Inspired by Erlang's notions of iolist() and iodata(), an IOList is any tree constructed from ByteStrings and Sequences. Formally, an IOList is either a ByteString or a Sequence of IOLists.

IOLists can be useful for vectored I/O. Additionally, the flexibility of IOList trees allows annotation of interior portions of a tree.

Comments.

String values used as annotations are conventionally interpreted as comments. Special syntax exists for such string annotations, though the usual @-prefixed annotation notation can also be used.

;I am a comment for the Dictionary
{
  ;I am a comment for the key
  key: ;I am a comment for the value
       value
}

;I am a comment for this entire IOList
[
  #x"00010203"
  ;I am a comment for the middle half of the IOList
  ;A second comment for the same portion of the IOList
  @ ;I am the first and only comment for the following comment
    "A third (itself commented!) comment for the same part of the IOList"
  [
    ;"I am a comment for the following ByteString"
    #x"04050607"
    #x"08090A0B"
  ]
  #x"0C0D0E0F"
]

MIME-type tagged binary data.

Many internet protocols use media types (a.k.a MIME types) to indicate the format of some associated binary data. For this purpose, we define MIMEData to be a record labelled mime with two fields, the first being a Symbol, the media type, and the second being a ByteString, the binary data.

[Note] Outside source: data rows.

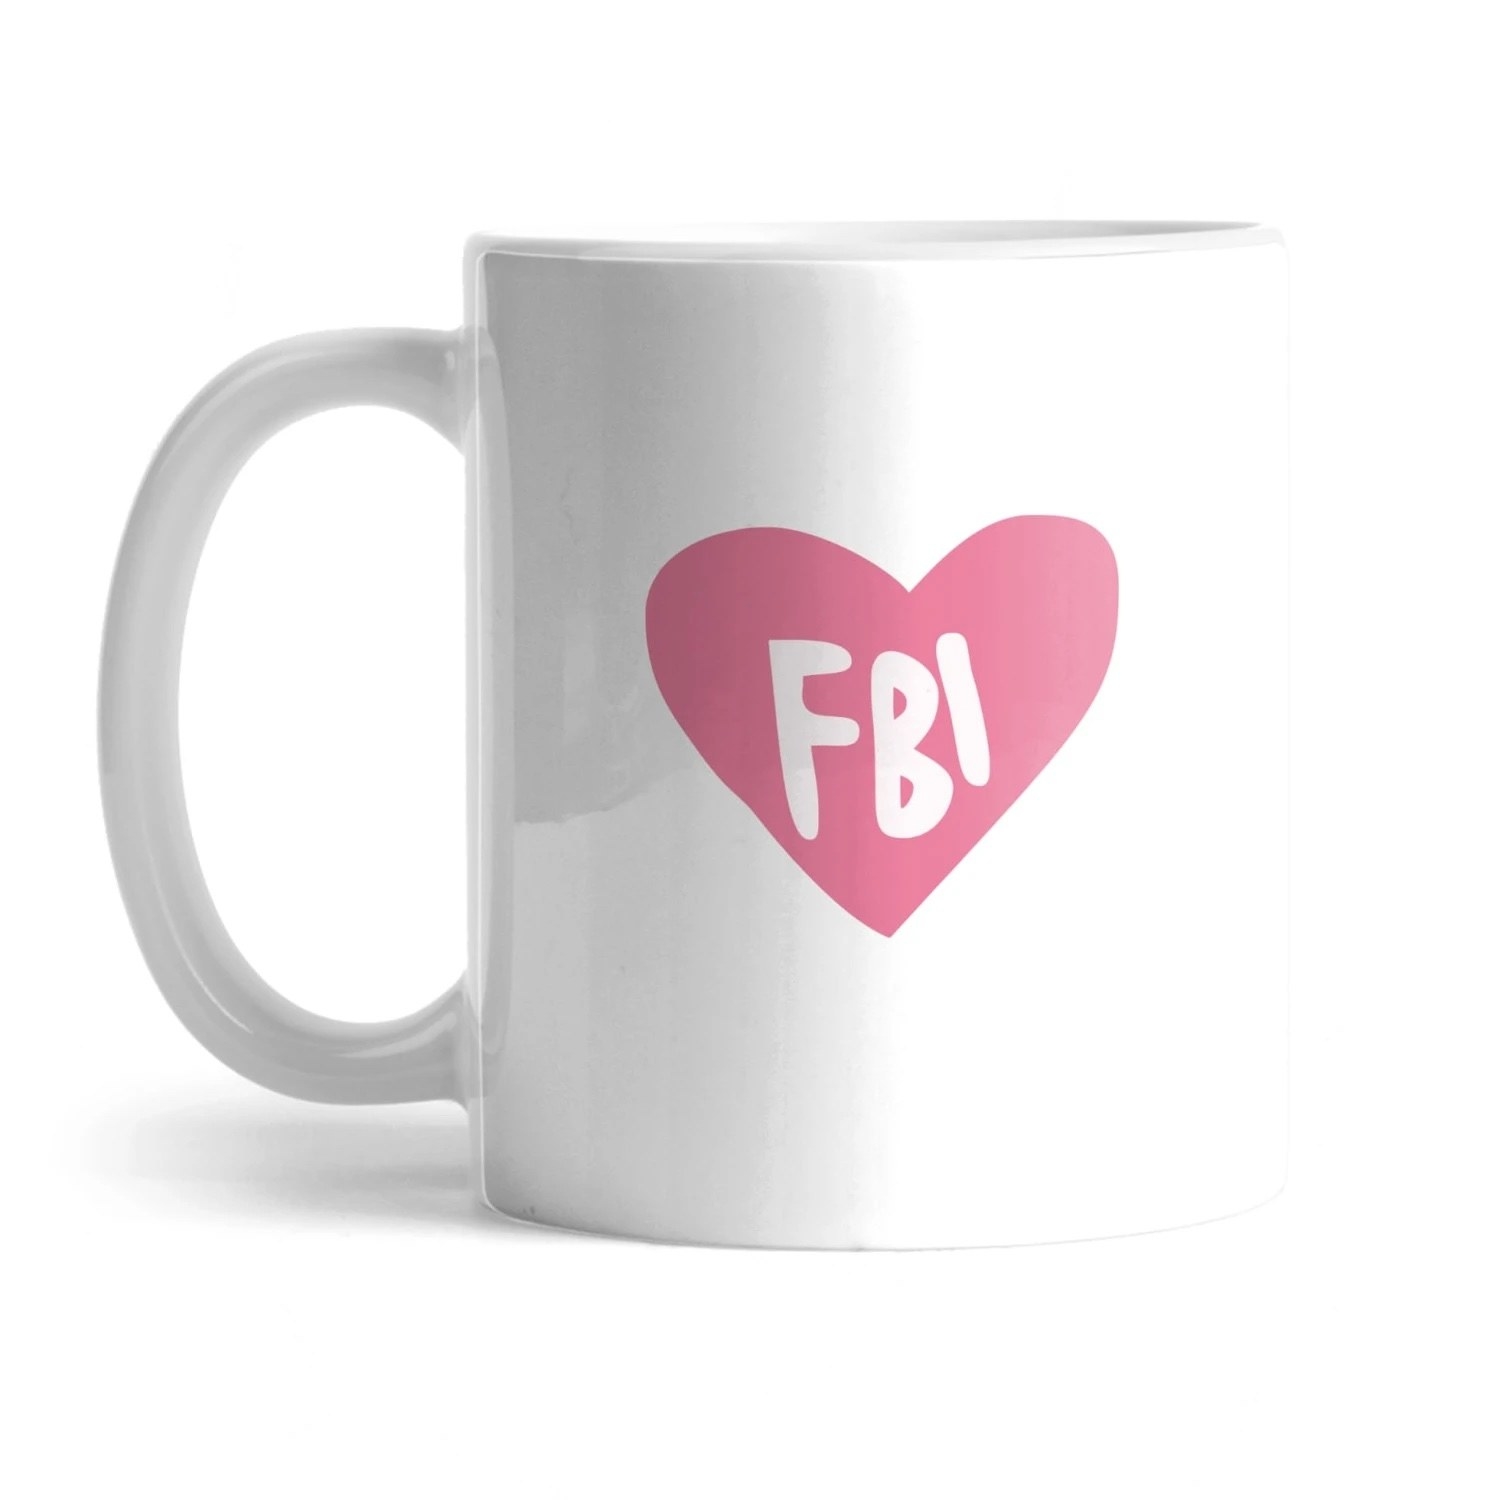 a mug that has a pink heart on it that says FBI
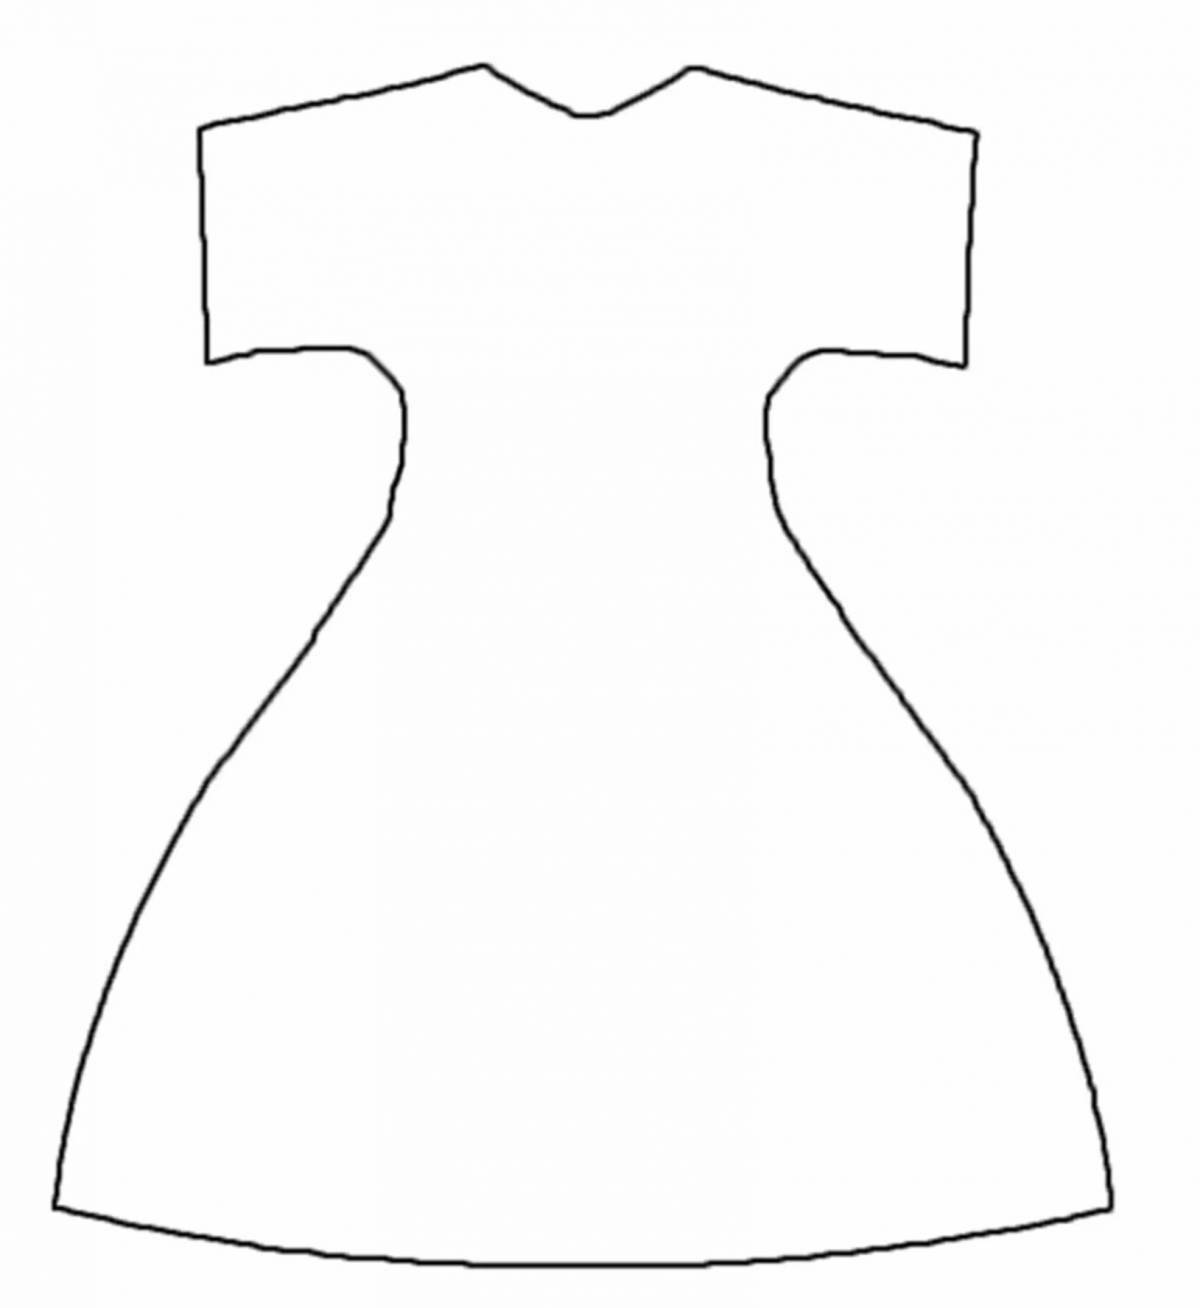 Coloring bright dress with a pattern
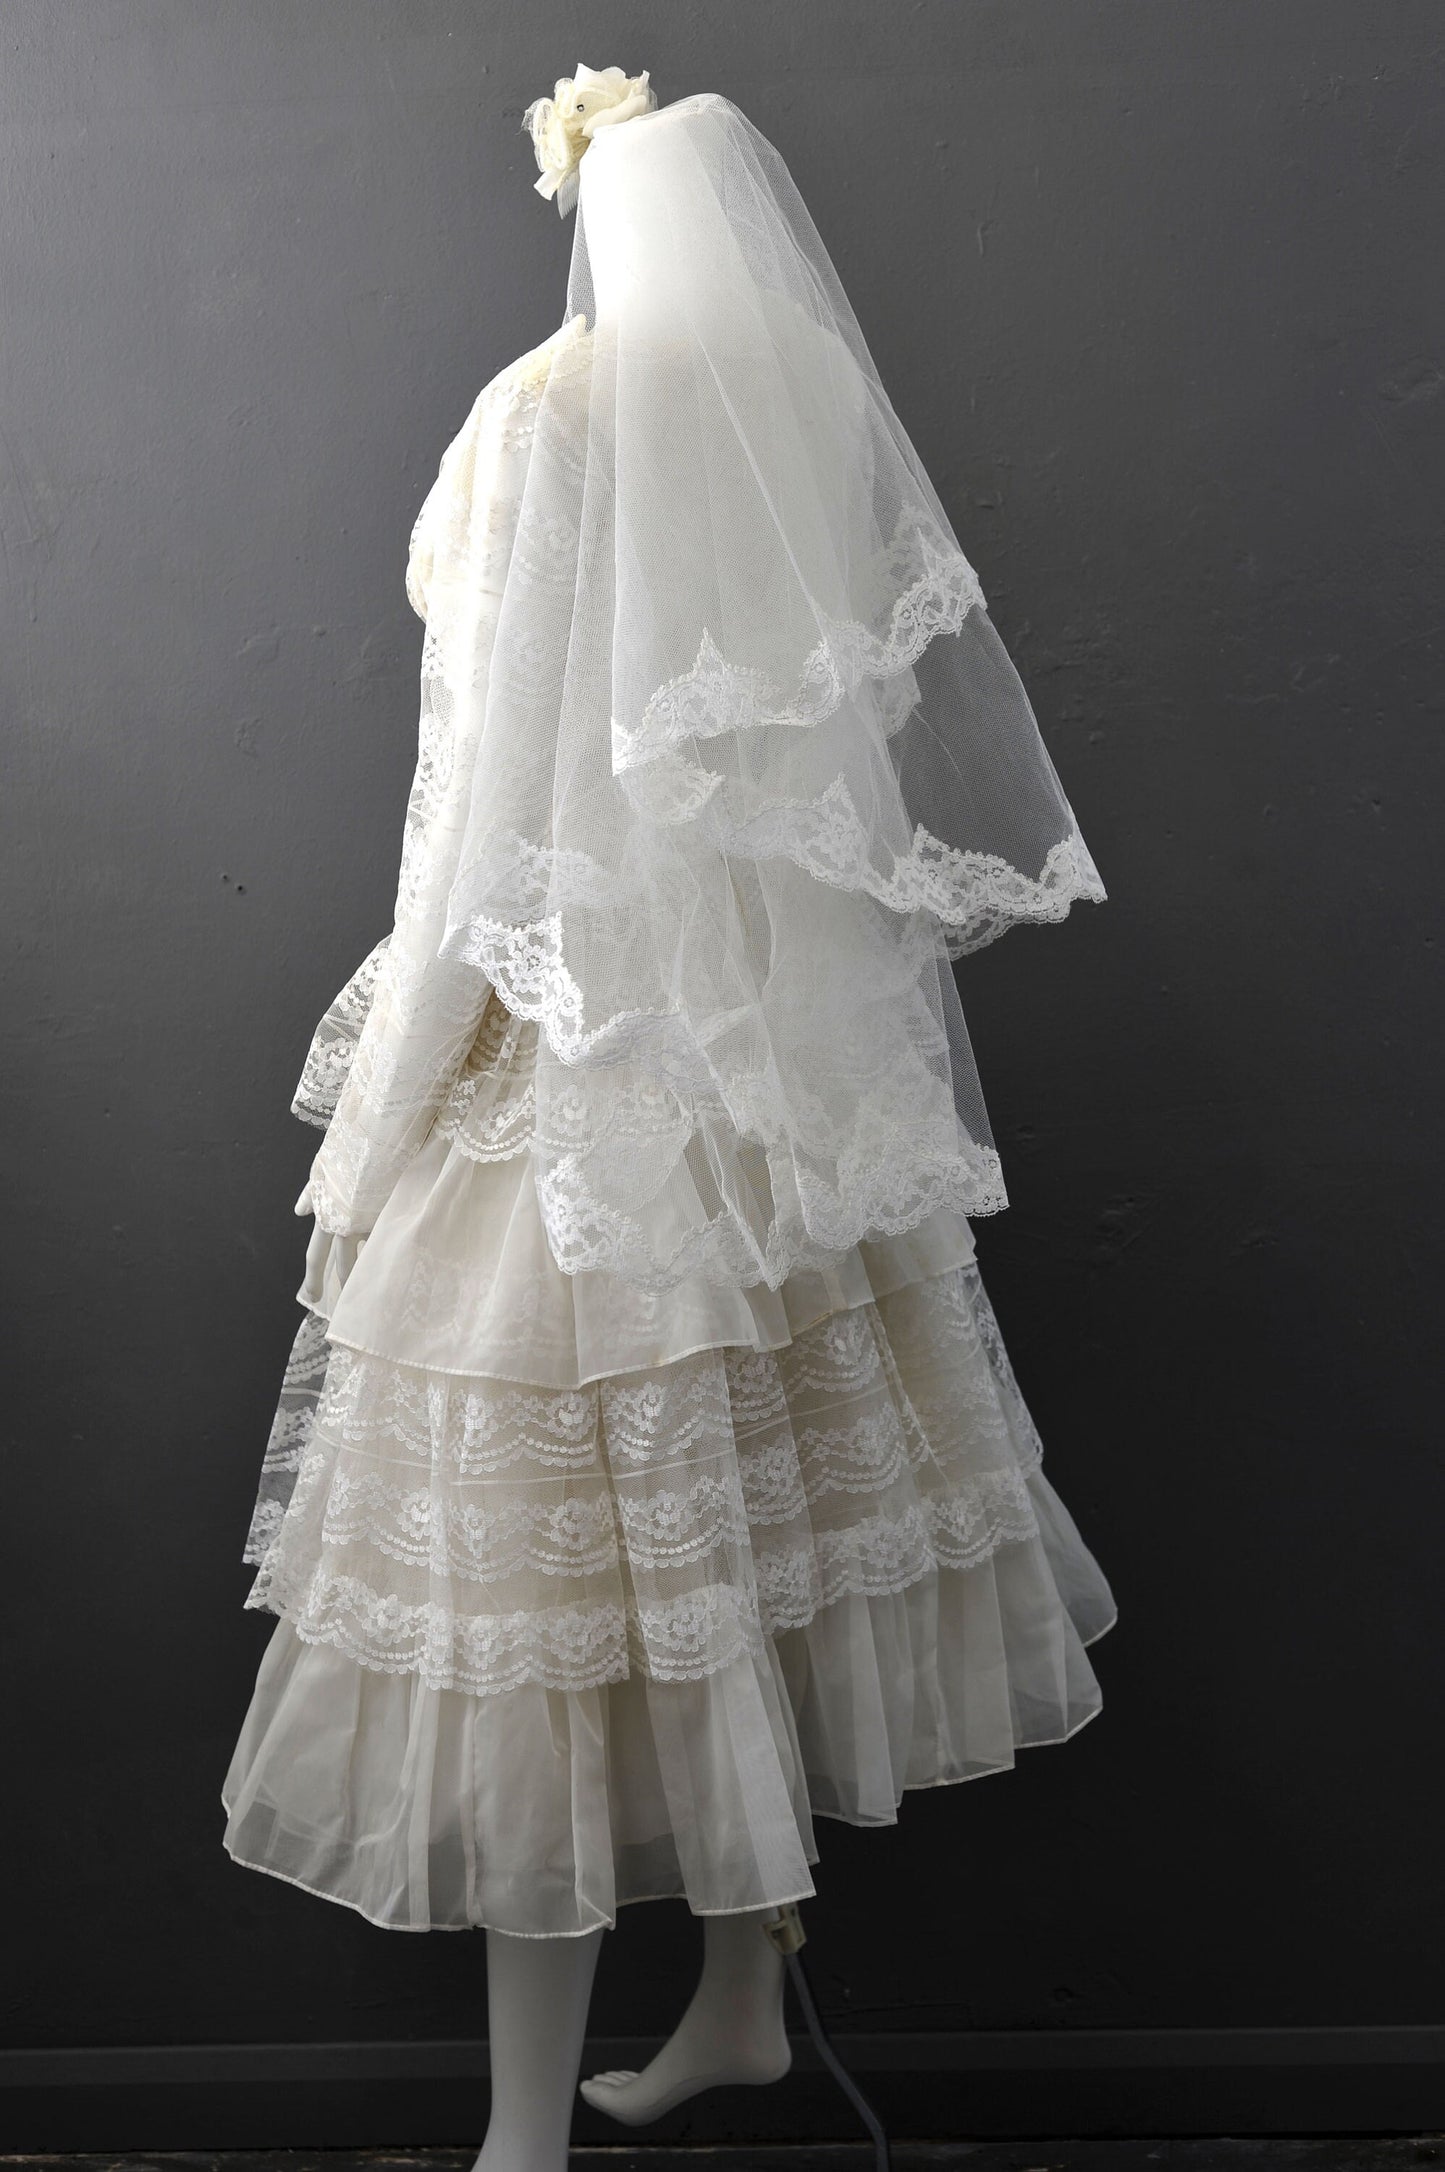 50s Tiered Lace Wedding Dress with Veil, Tea Length with Scalloped Boatneck, Size Small
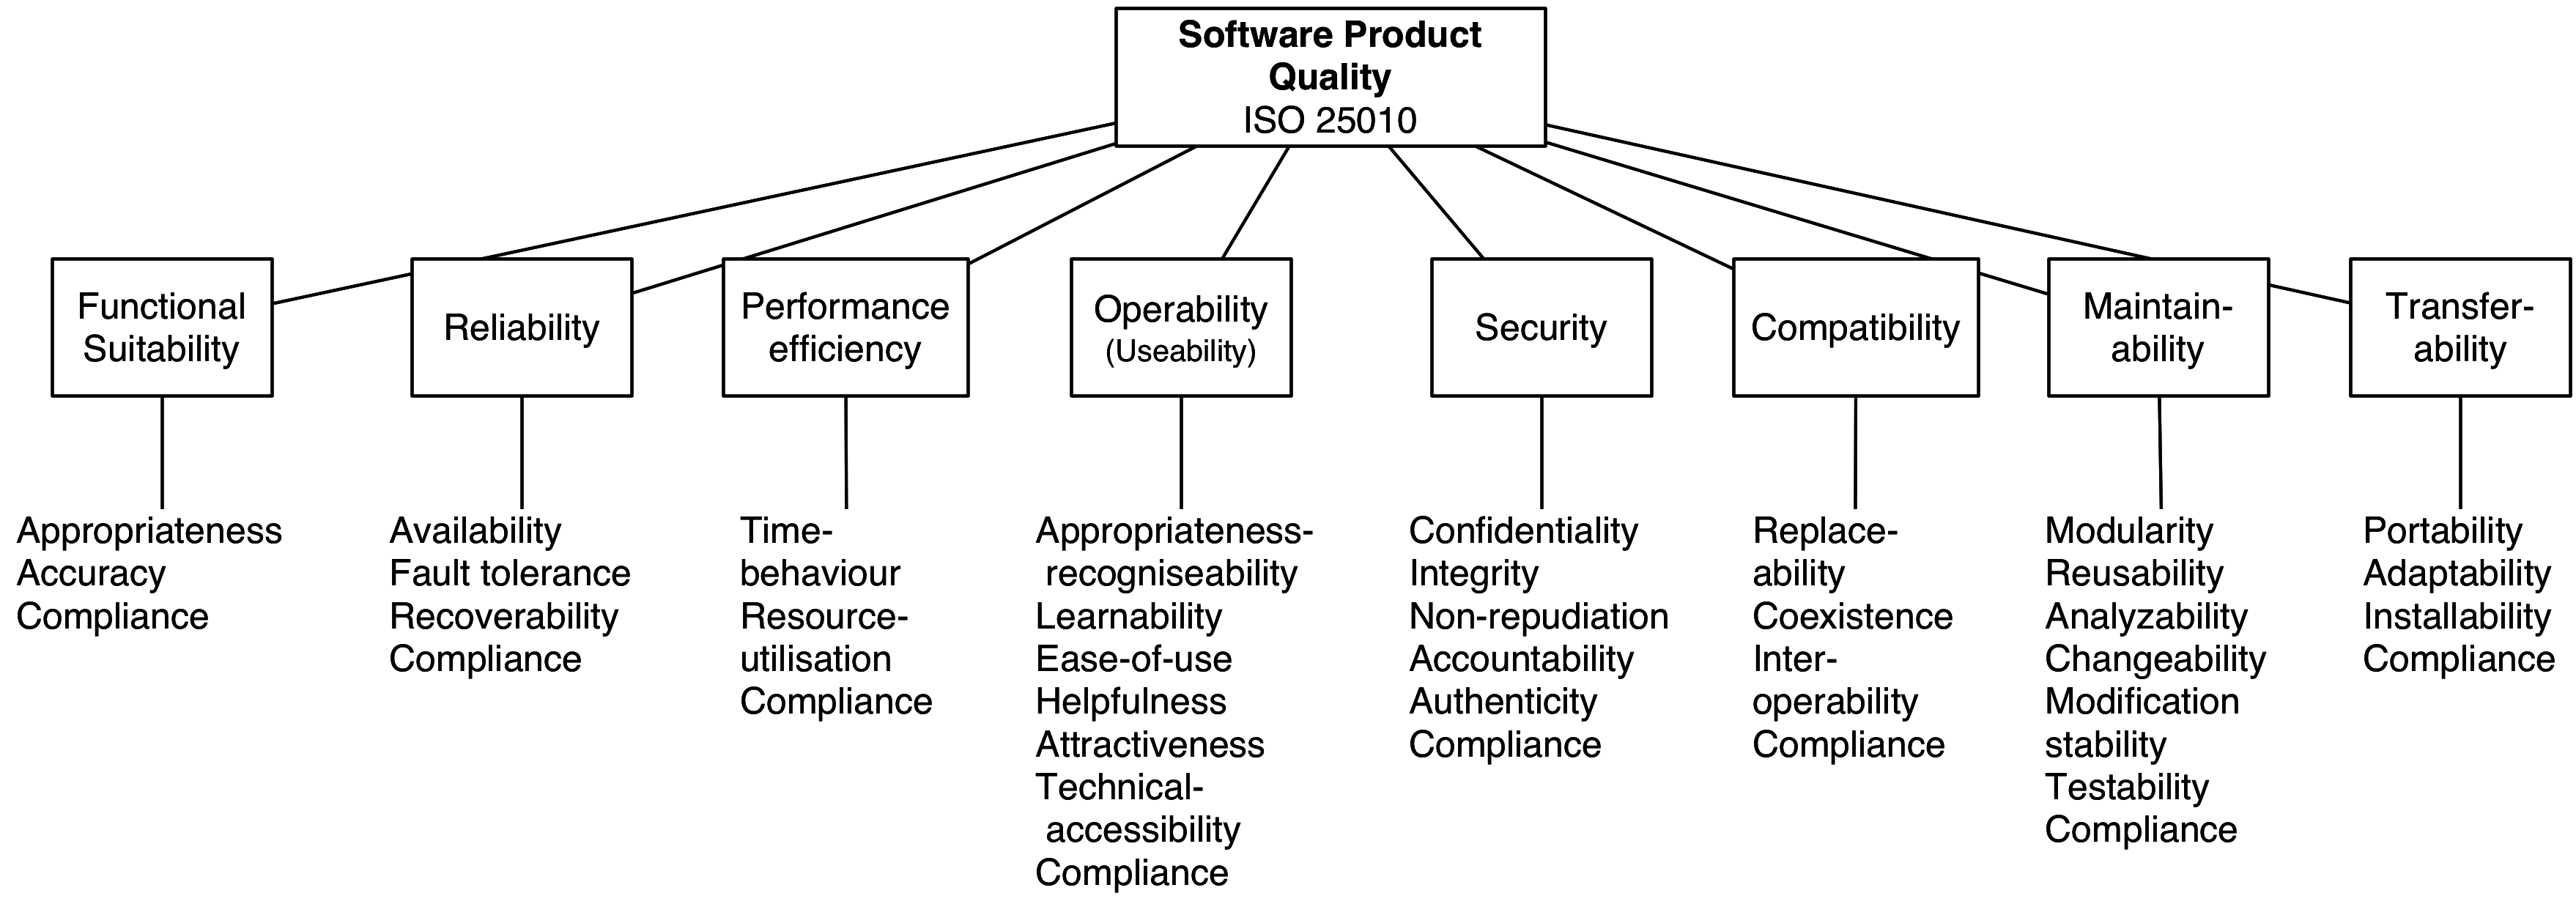 ISO 25010 Software Product Quality Tree

While each media type may define its own rules for comparing documents, we define ordering among MIMEData representations of such media types following the general rules for ordering of Records.

Examples.

«<mime application/octet-stream #"abcde">»
  = B4 B3 04 "mime" B3 18 "application/octet-stream" B2 05 "abcde"

«<mime text/plain #"ABC">»
  = B4 B3 04 "mime" B3 0A "text/plain" B2 03 "ABC" 84

«<mime application/xml #"<xhtml/>">»
  = B4 B3 04 "mime" B3 0F "application/xml" B2 08 "<xhtml/>" 84

«<mime text/csv #"123,234,345">»
  = B4 B3 04 "mime" B3 08 "text/csv" B2 0B "123,234,345" 84

Unicode normalization forms.

Unicode defines multiple normalization forms for text. While no particular normalization form is required for Strings, users may need to unambiguously signal or require a particular normalization form. A NormalizedString is a Record labelled with unicode-normalization and having two fields, the first of which is a Symbol specifying the normalization form used (e.g. nfc, nfd, nfkc, nfkd), and the second of which is a String whose underlying code point representation MUST be normalized according to the named normalization form.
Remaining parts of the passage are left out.